Hieu Hong Hoang - 2022-07-25

Hi Mohan Kanakam,

I'm using "lxc" to run the cluster and tool "iptables" to split/merge network. I reproduce this ticket as follow:

Add 5 seconds delay before promoting active by changing the fmd configuration(/etc/opensaf/fmd.conf):

export FMS_PROMOTE_ACTIVE_TIMER=500 # 5 second

Cluster have 5 SCs:

SC-1 ACT : SC-2 QSC : SC-3 QSC : SC-4 QSC : SC-5 STB ^ ^ ^ ^ ^ | | | | | ---------------------------------------------

(ACT: active, STB: standby, QSC: quiesced)
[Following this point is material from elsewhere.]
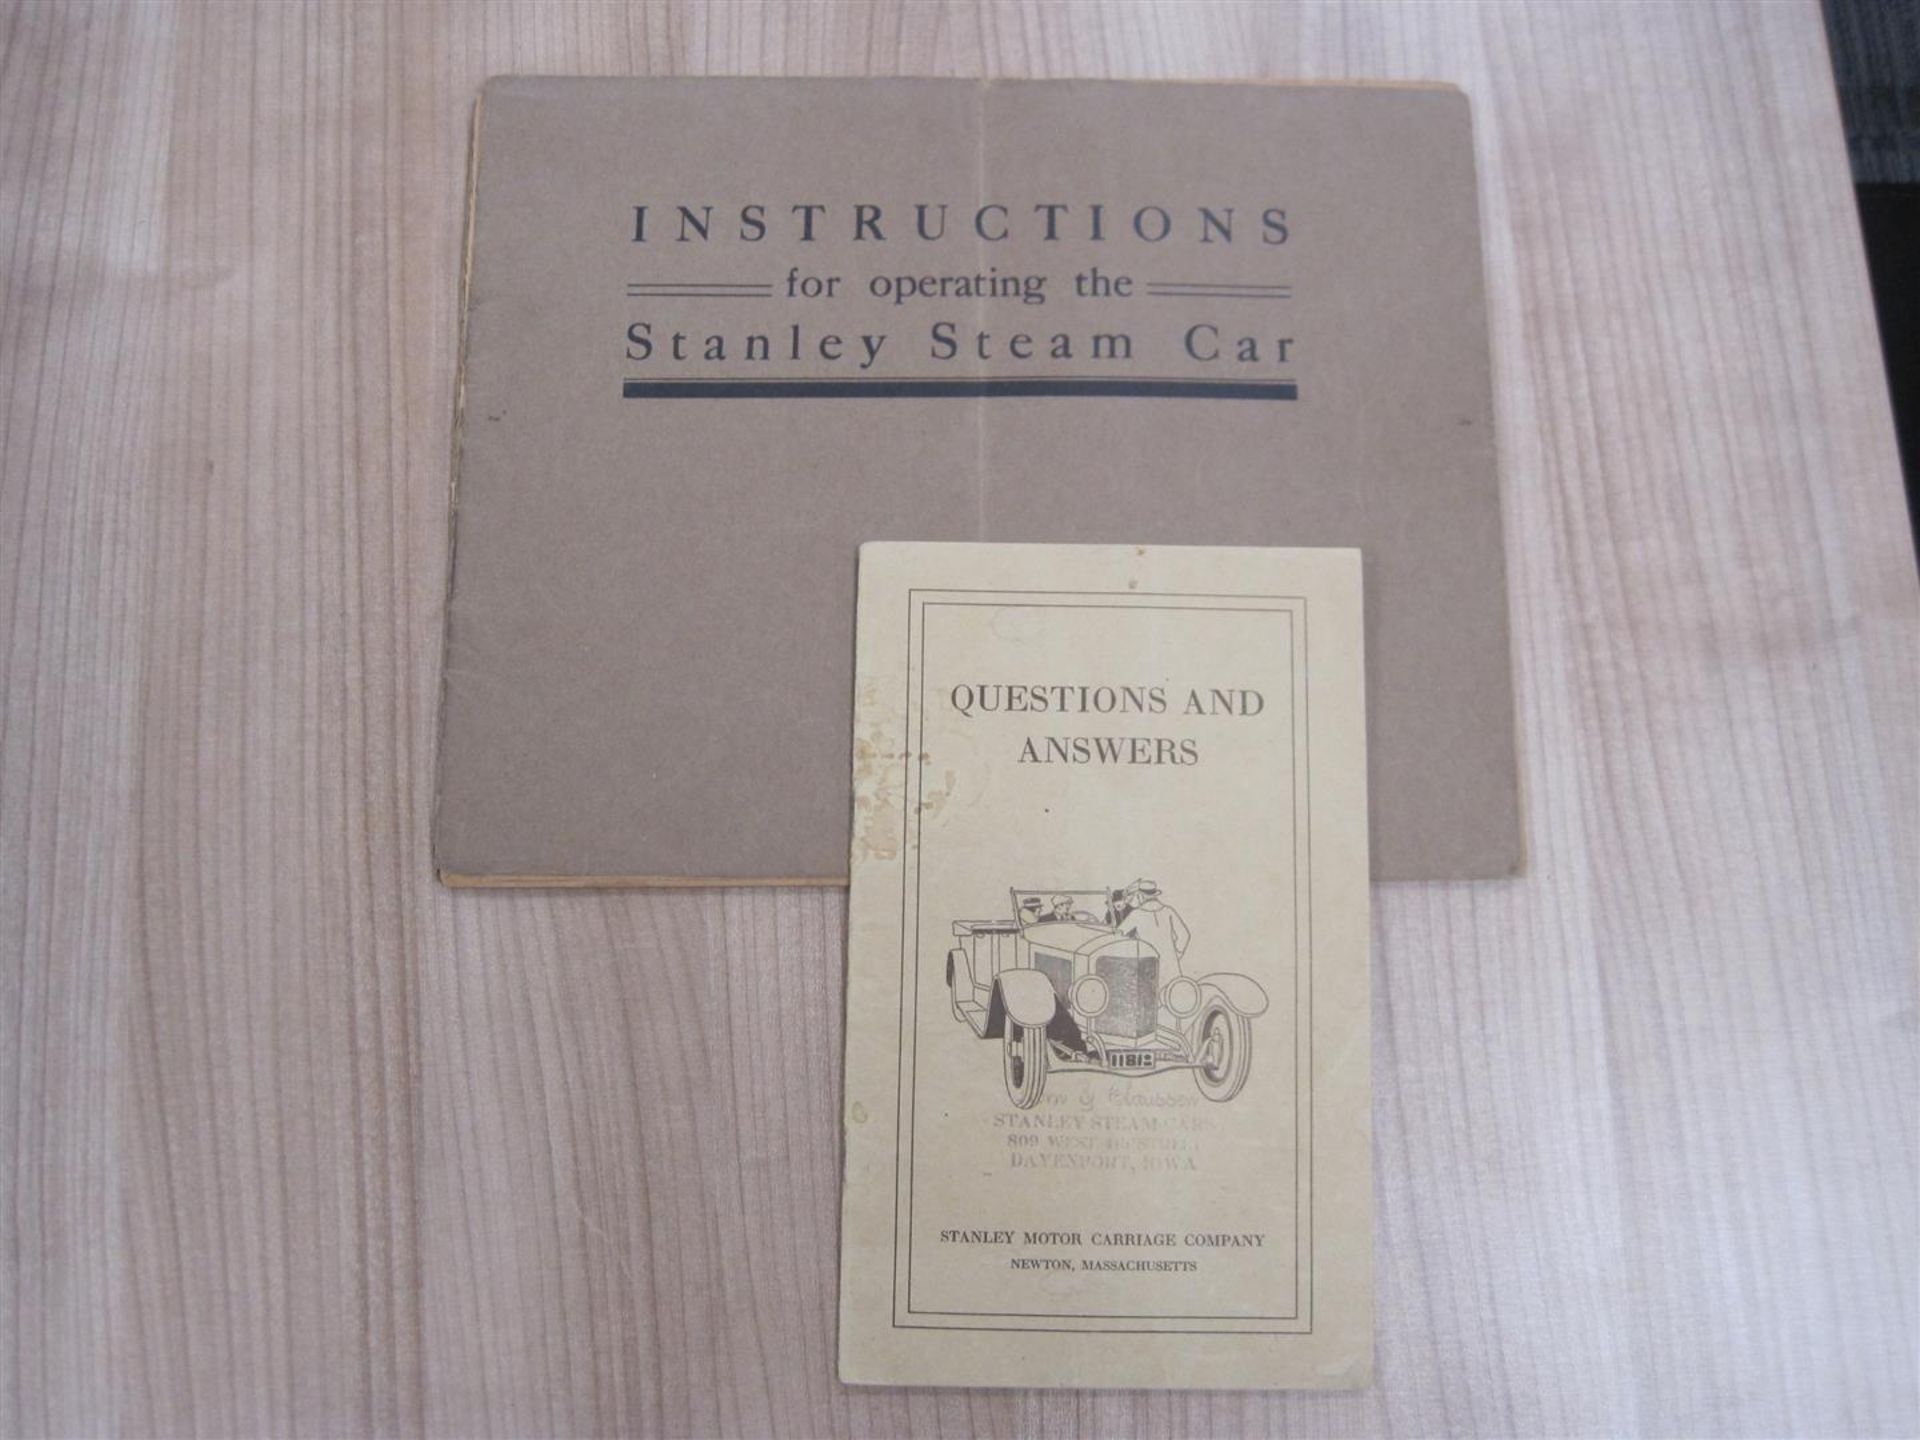 Instructions for operating the Stanley Steam Car (1911 26pp) t/w Questions & Answers (20pp)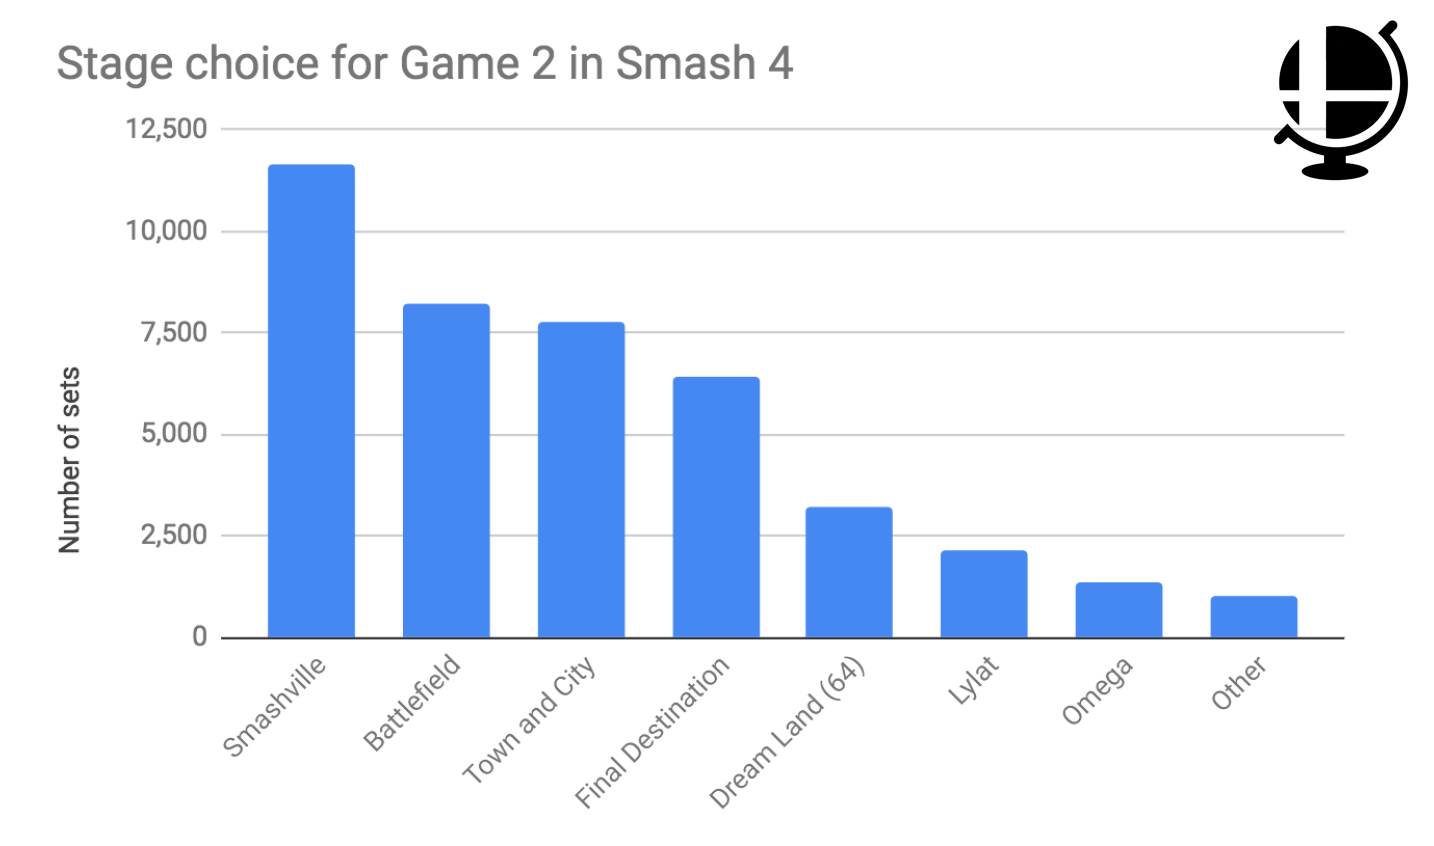 Stage usage for game 2 in Smash bros sets

Isolate SC-2 and SC-3. We will have two more active SCs because the isolated SC will be promoted to active soon:

SC-1 ACT : SC-2 ACT : SC-3 ACT : SC-4 QSC : SC-5 STB ^ ^ ^ | | | ---------------------------------------------

Unblock connection from SC-4 to SC-2 then unblock connection from SC-4 to SC-3. SC-4 won't receive any up events as a consequence of ticket 3281

SC-1 ACT : SC-2 ACT : SC-3 ACT : SC-4 QSC : SC-5 STB ^ ^ ^ ^ ^ ^ ^ | | | | | | | | | ------------ | | | | ------------------------- | | ---------------------------------------------

Stop SC-1, SC-2 and SC-3 sequentially. Now SC-4 receives a NEW_ACTIVE event for SC-2 then receives another NEW_ACTIVE event for SC-3. Note: SC-5 won't become active until the promote timer expired.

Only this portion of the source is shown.